GtmHubBot is a Python script to manage your current OKR's from GtmHub through a Dialog chat. You will need an account on both platforms in order to use this tool.
This script requires Python 3 or greater, with the following packages, and his dependencies
- dialog-sdk-bot
- requests
- grpcio
- async_cron
Create a chat bot in your Dialog instance and store his access token.
Generate and API token from you GtmHub account and get your account id, if you haven't insuficient permissions, contact your account admin.
Create or modify the config.json file ( placed in the script folder ) to follow the format bellow :
{
"dialogConfig": {
"host": "dialog.host.com",
"port": "1234",
"token": "abcdefghijk1234"
},
"gtmhubConfig": {
"url": "https://app.us.gtmhub.com/api/v1",
"token": "abcdefghijk1234",
"account": "abcdefghijk1234"
}
}
All keys on the config are required string values. ( Between quotation marks )
dialogConfig.host
host url where your Dialog instance is accessible, without include protocol prefix ( https is assumed )
dialogConfig.port
secure port which the Dialog instanca is listening
dialogConfig.token
token to access the Dialog bot instance
gtmhubConfig.url
the url for the GtmHub API, should be "https://app.gtmhub.com/api/v1" or "https://app.us.gtmhub.com/api/v1" depending your account location
gtmhubConfig.account
the GtmHub account id
gtmhubConfig.token
the generated token for the account
Run gtmhub_bot.py from some machine, if all goes fine you will see the "Bot is ready message" ( with no exceptions ).

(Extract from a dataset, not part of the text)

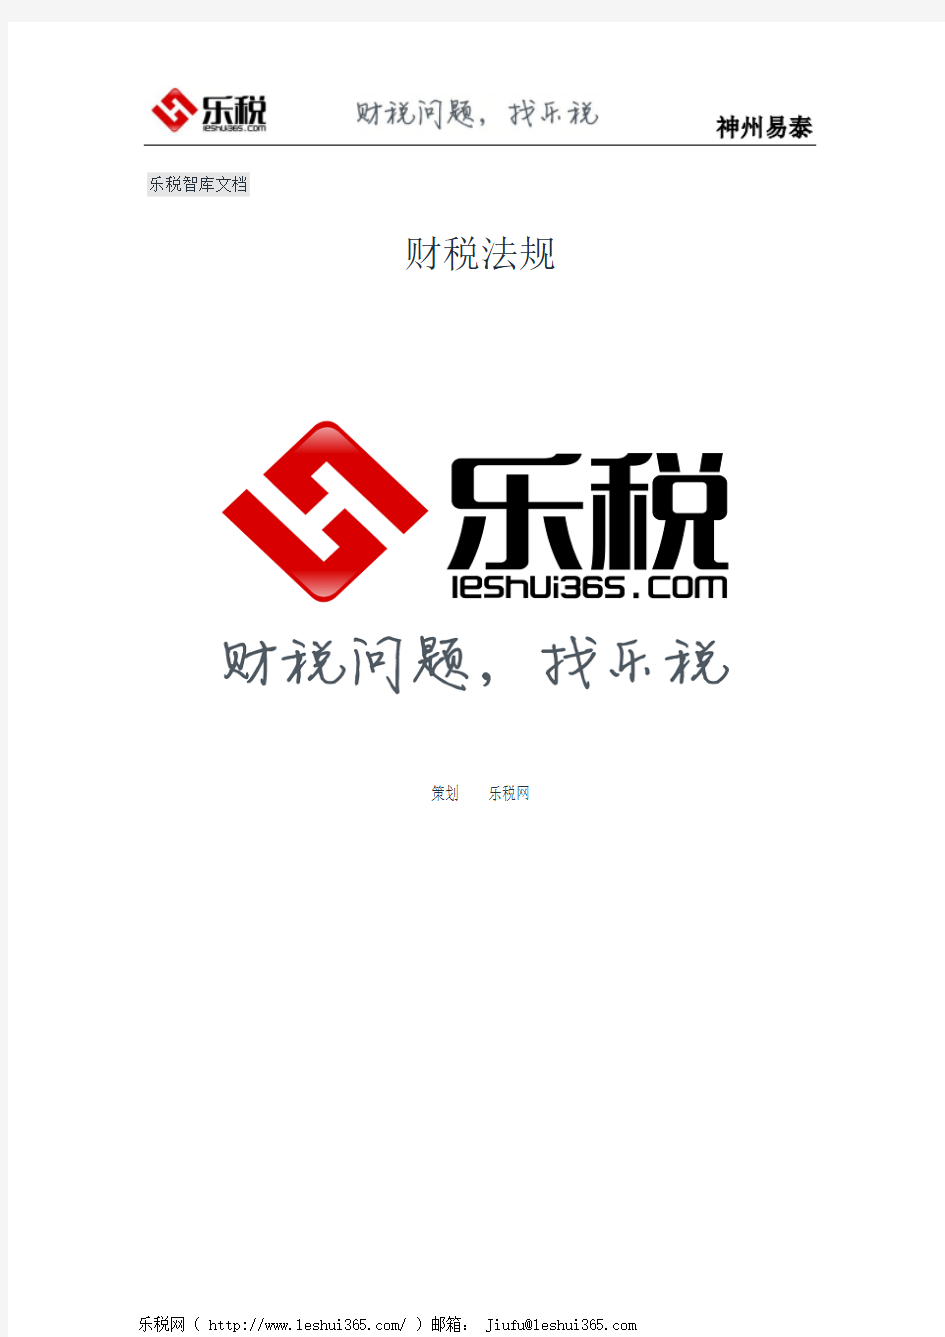 北京市地方税务局关于规范普通发票开具问题的通知

Then you can open your prefered Dialog client to talk to the assigned bot ( asociated to the provided token ).
There are 3 main commands which starts a process and can't be overlaped ( you need to finish or cancel the proocess to run another process command ) since it requires new ordered input from the chat.
/okr
command will list all your current OKR's. You can provide two optional parameters to the command, username and list name.
The user parameter should be marked between double square brakets [[user name]]
and will return the current OKR's of the specified user, instead of yours.
The listname parameter should be marked between double parentheses ((list name))
and will filter the results, returning only the OKR's on the specified list.
So, and example using both can be /okr [[user name]] ((list name))
/overview
will run internally the okr command, with no parameters, and store the list to allow you to iterate all OKR's in ordered way
/activate
this command allow you to set a scheduler for the overview command, so you will be reminded to overview your okr's in the configured date
/desactivate
command will remove your reminder
/stop
command will cancel the current process, so if you introduced an incorrect value or want to exit the current overview, you can use this command. If you are processing an OKR update inside your overview, this command with cancel the update and not the full overview, but you can run again the command to exit the overview.